A few years ago I was introduced to beer batter chicken by a friend. It was a favorite, nearly weekly meal for he and his kids. It quickly became a requested meal by my children as well. He had used a box mix to make his batter, but I knew I could put together a batter with pantry items that are always on hand and much less expensive. Beer batter chicken night quickly expanded to beer batter chicken and onion rings, then pickles, then green tomatoes, then mushrooms, and then my favorite, garlic cloves. Now we have Beer Batter Everything night!!
The one thing I liked about the first beer batter chicken that I had, is it was in two-bite pieces, so I still prepare it like that. What I have found is that this is a perfect “eat around the kitchen island” meal. It never makes it to the table. Fried food is best hot out of the oil, crisp and salty. I put a huge serving plate in the middle of the island with a variety of dipping sauces around it, and everyone just grabs and gabs. The minute the first batch comes out of the oil, the plate is descended upon as if by vultures!
I fry in a frying pan, though some prefer to use an electric fryer. I use a standard vegetable oil, but you can use whatever clear, flavorless oil you prefer. Just remember that it must be able to be heated to 365-375 degrees. It takes about 4 cups of oil to fill the pan so that there is about 1 1/2-2 inches of oil in the pan. A fryer will have a temperature setting. For a frying pan, you can use a deep fat frying thermometer. If you don’t have a thermometer, you can test the oil by placing the handle of a wooden spoon in the oil, if the oil bubbles around the handle, it is ready. Some also recommend tossing a small square of bread in the oil and it will brown in about a minute, or tossing in a single kernel of popcorn in and it will pop when the oil is about 360-365 degrees. I use the more discouraged method of dripping a single drop of water into the oil while standing clear of splatter, if it pops, then the oil is ready. Do not use that method unless you are familiar with what happens, to avoid being burned by the popping oil.

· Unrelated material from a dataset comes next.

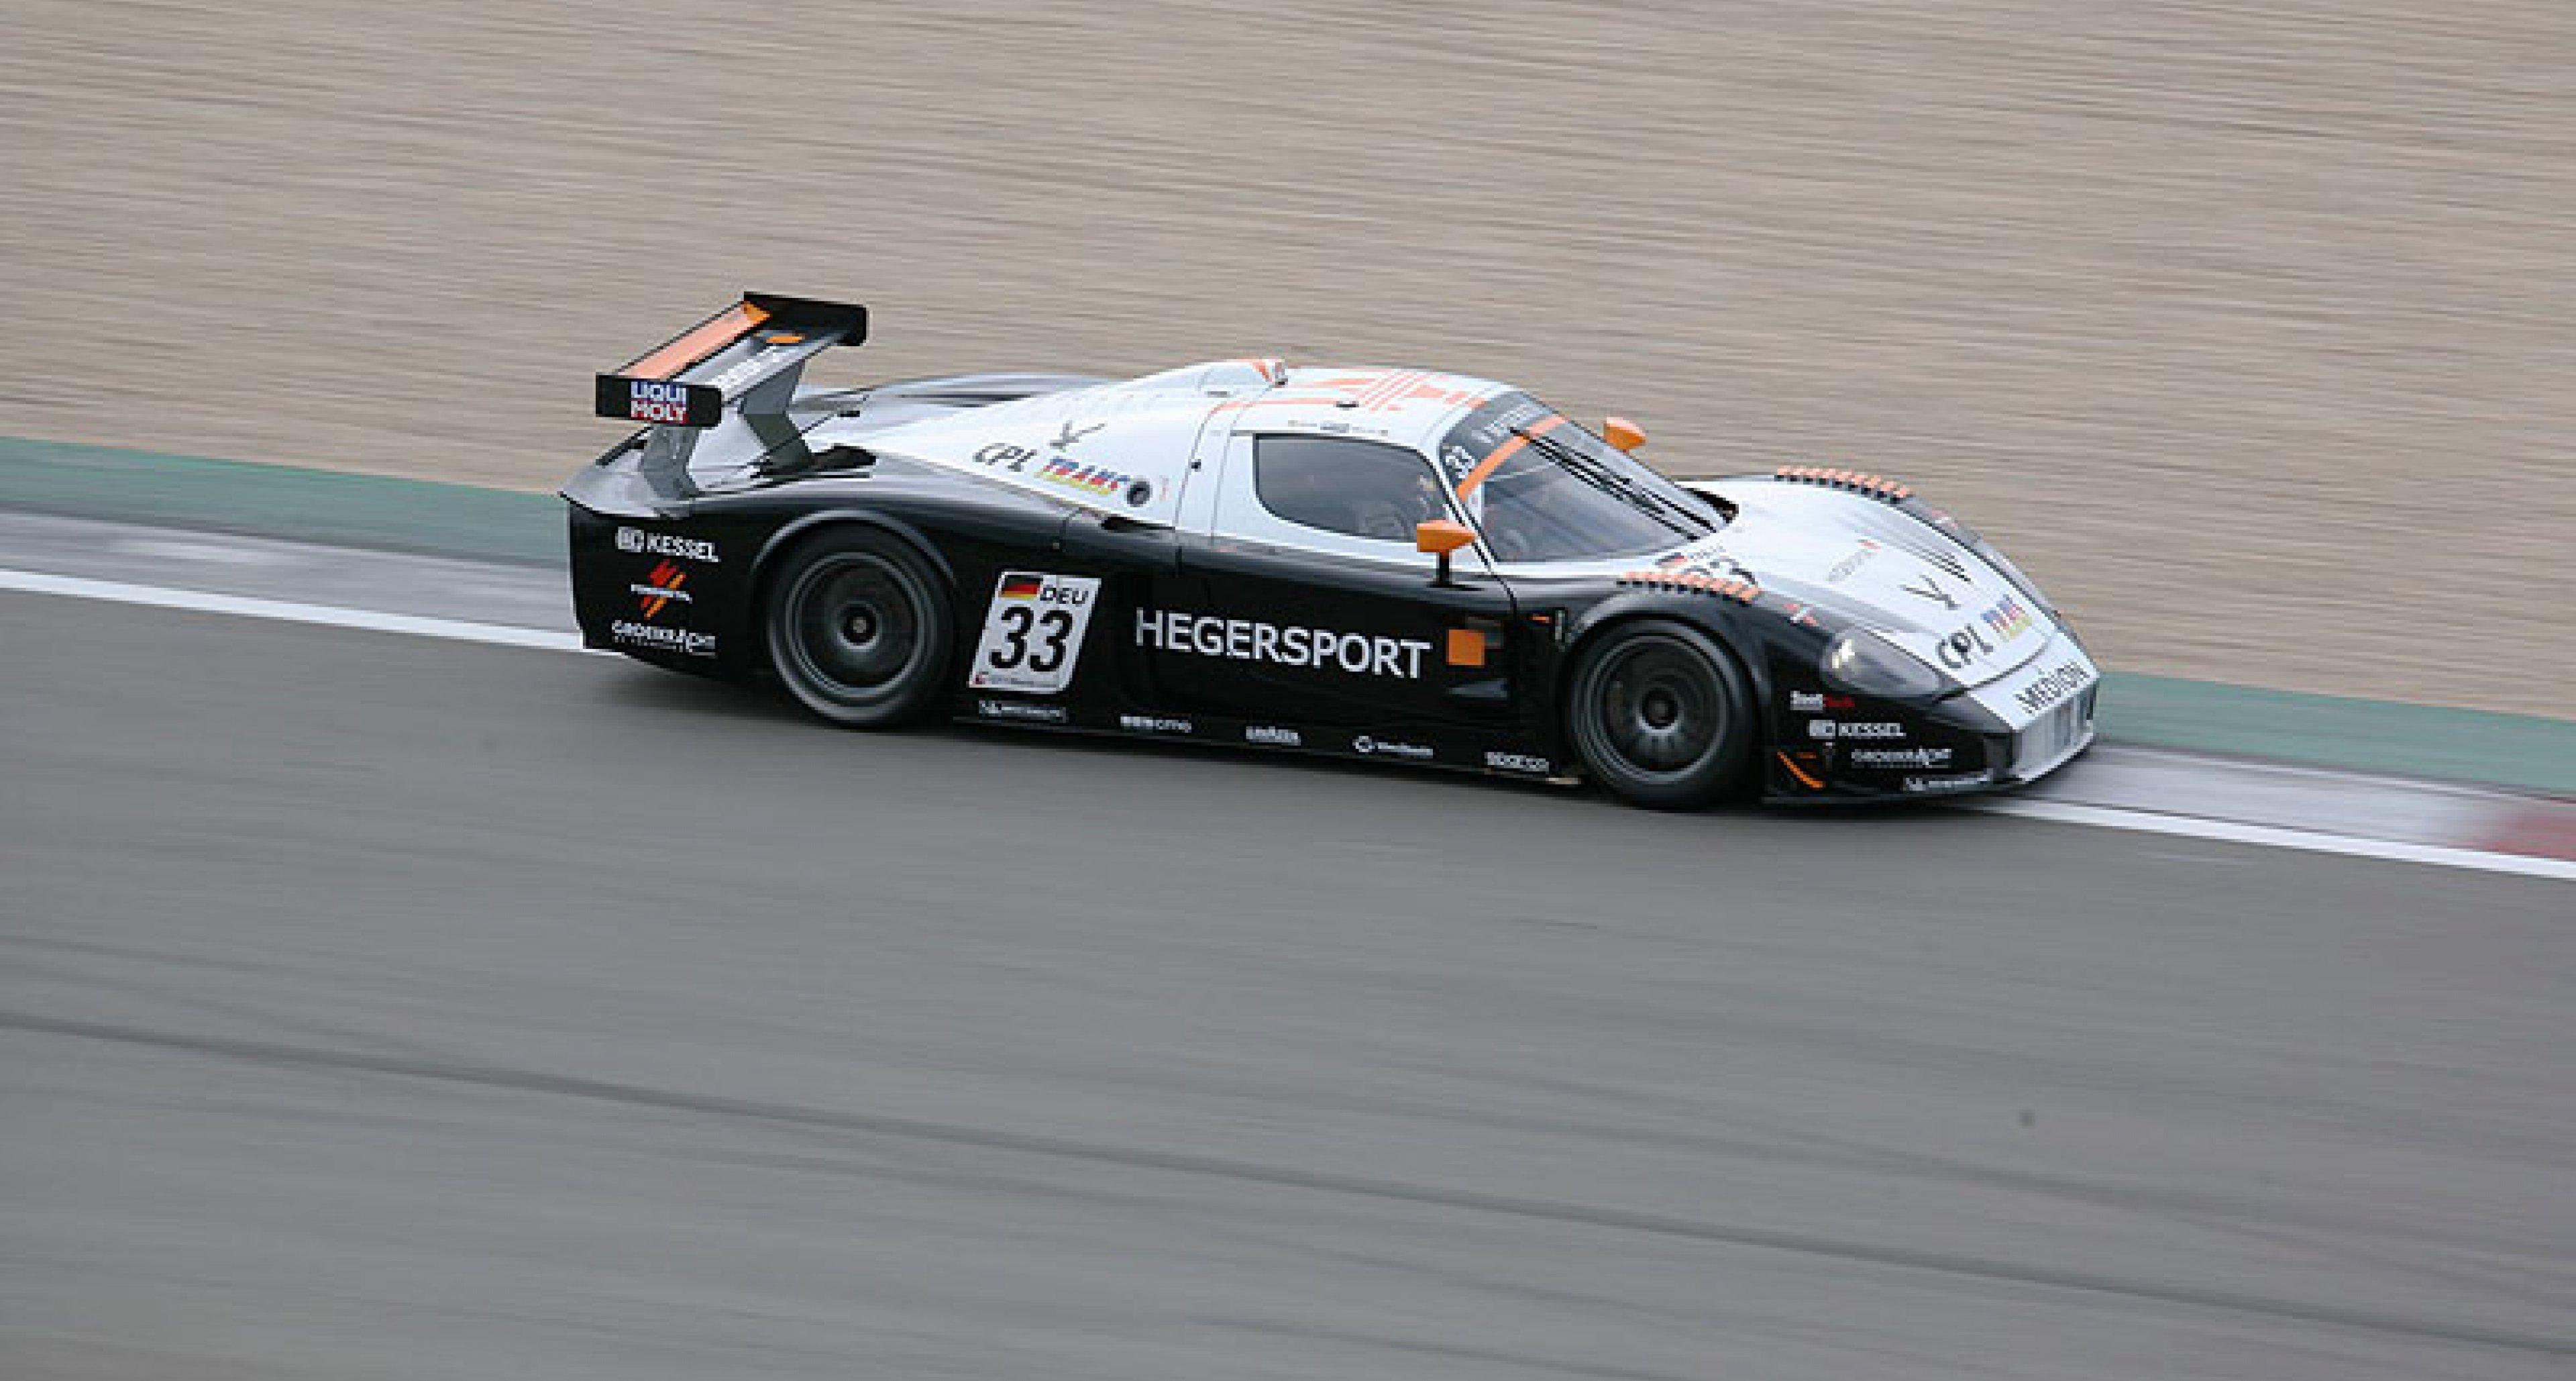 FIA-GT1-Weltmeisterschaft in der Eifel: Fotogalerie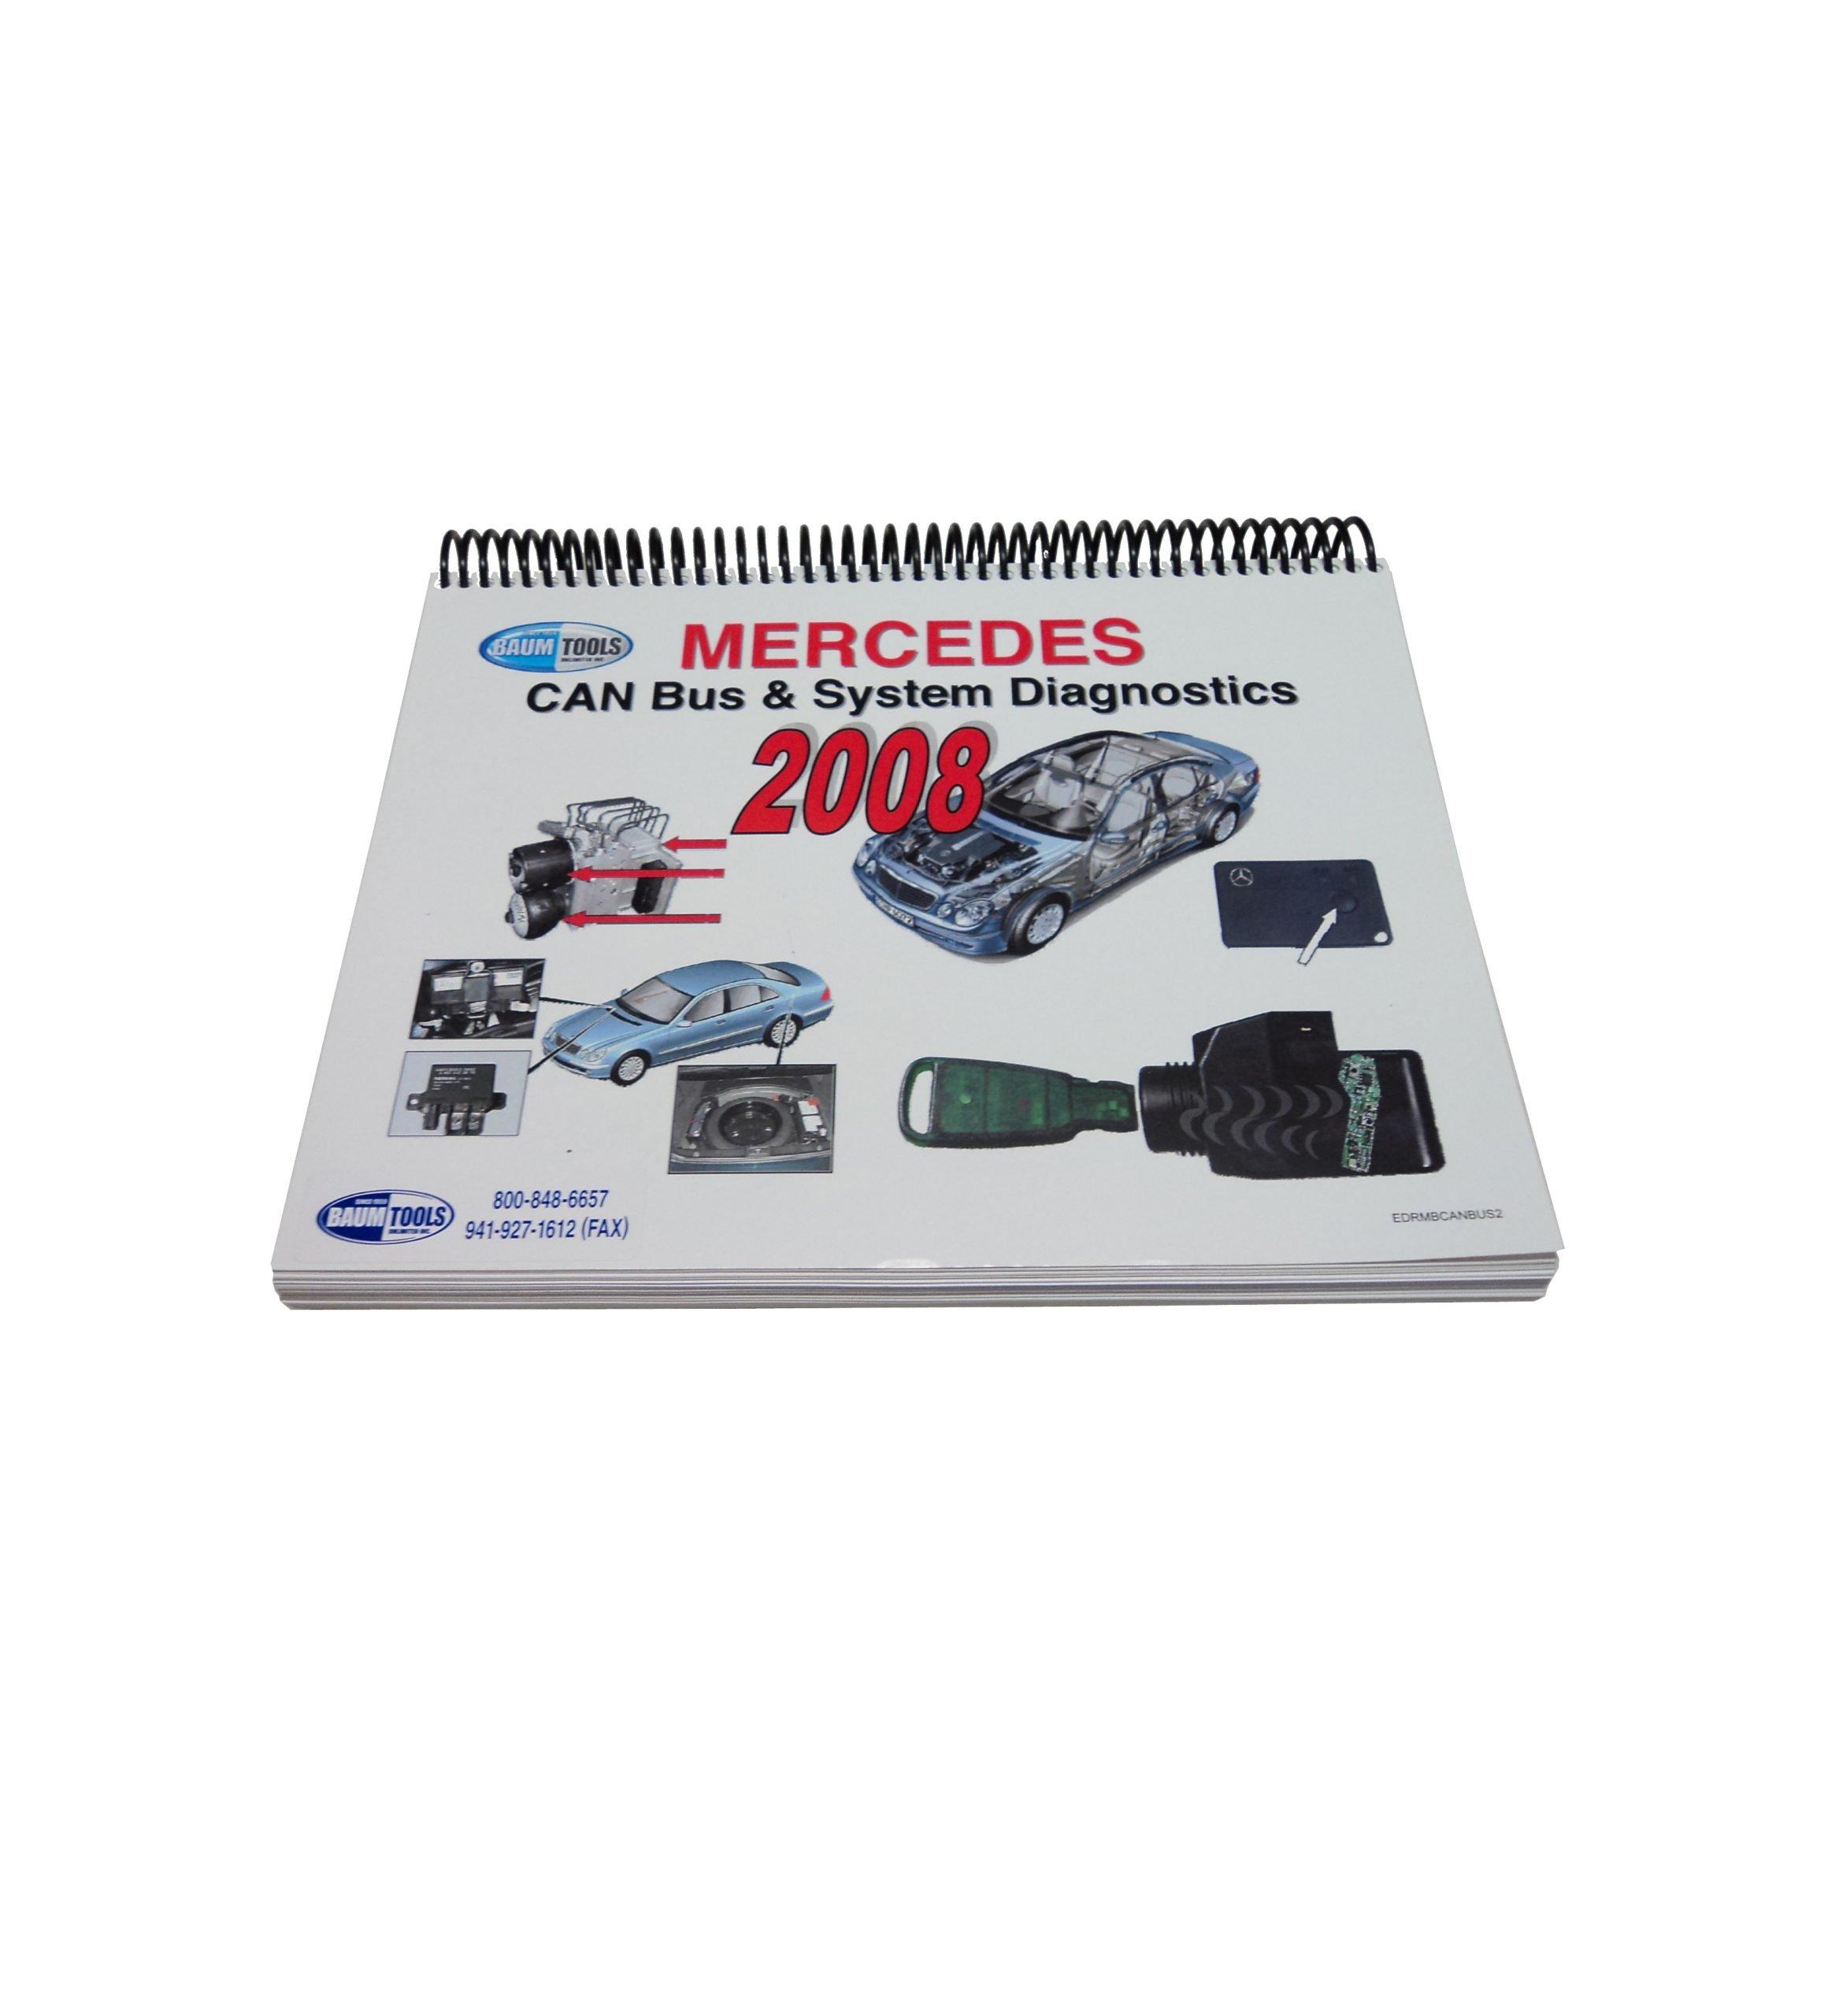 Mercedes CAN Bus & System Diagnostics Volume Two

1 1/2 – 2 C all-purpose flour
1 lg egg
1 t garlic powder
1/2 t salt (I use garlic salt or spicy seasoned salt)
1/2 t ground pepper
1 1/2 C beer (= 1 12oz bottle beer)
Course ground Kosher or Sea Salt
Whisk all of the ingredients together in a large bowl. Be sure it is well blended. Allow to sit for a few minutes to let the beer bubbles settle.
Be sure that the pieces of food that you drop into the oil are consistent in size so they cook evenly.
Dip the food into the batter and place gently into the oil. Avoid over-crowding the pan. I put about 8-10 pieces in at a time.
Once you have all of the pieces in the oil, use a long handled utensil to be sure they are all separated and not sticking to the bottom of the pan.
Remove with a slotted spoon and place on clean paper towel. Be sure to change the towel with each batch to keep the food from re-absorbing the oil and becoming greasy and soggy. Salt generously while still hot, then transfer to a fresh paper towel on the serving plate. If you chose to serve the food all together at the table, you can put it on a baking sheet and place in a 300 degree oven to keep it warm and crisp.
Serve with a variety of dipping sauces: BBQ, honey mustard, Ranch dressing, Buffalo Sauce, ketchup, Bleu Cheese dressing, etc.
Did I mention how much I love fried garlic cloves!?! Be sure to give them a try!! Enjoy!